[Collected data]:
- Opening Delimiter -

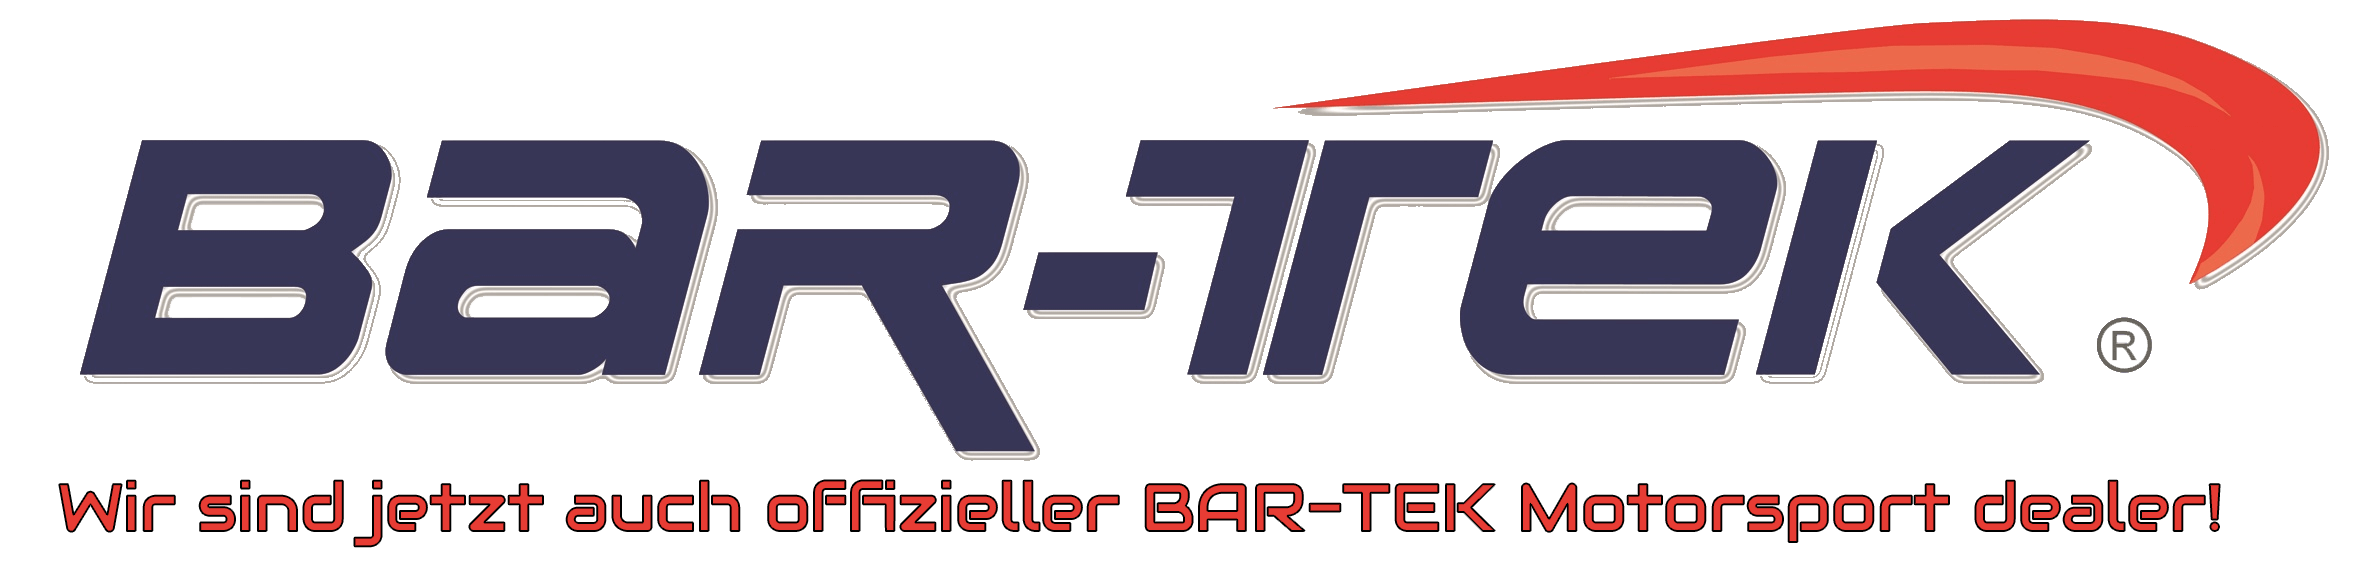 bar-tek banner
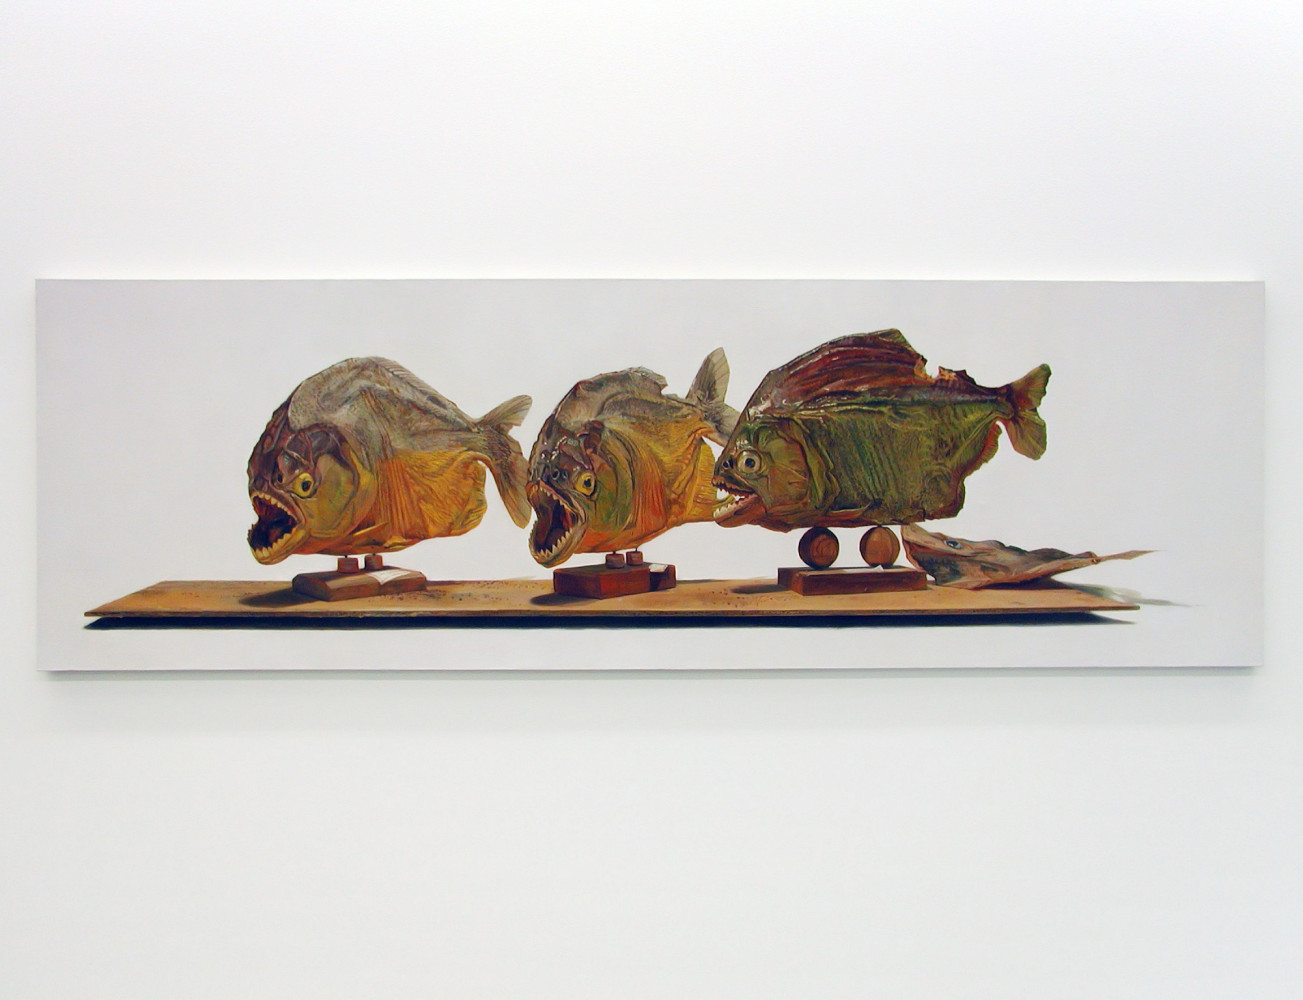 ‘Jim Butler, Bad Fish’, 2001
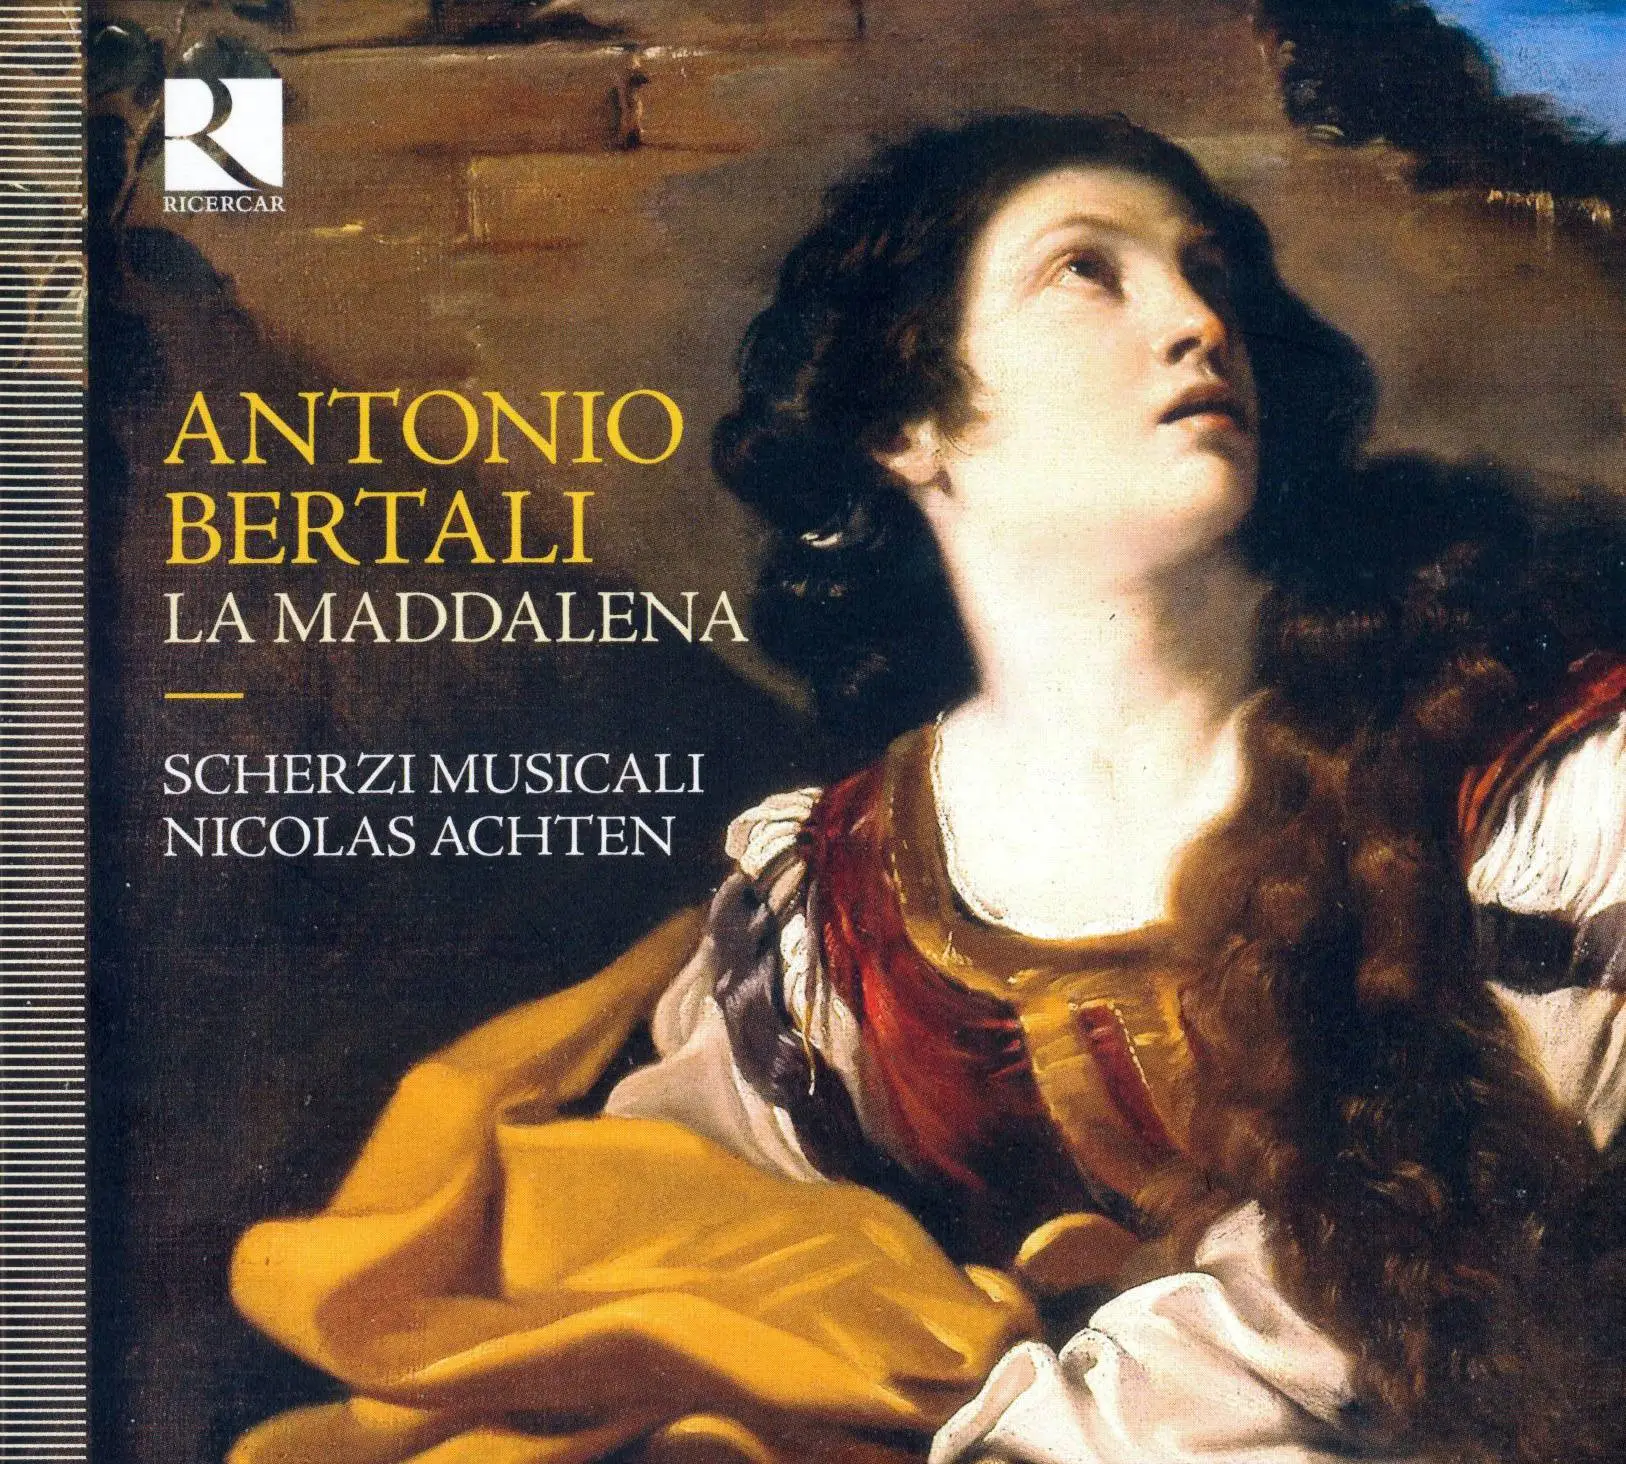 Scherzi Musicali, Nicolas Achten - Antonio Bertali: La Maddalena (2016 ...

- Closing Delimiter -

[Work to be completed]: Everything in the material must be duplicated exactly, except the pictures.

[Response for this exercise]:
 bar-tek banner
 ‘Jim Butler, Bad Fish’, 2001
 Scherzi Musicali, Nicolas Achten - Antonio Bertali: La Maddalena (2016 ...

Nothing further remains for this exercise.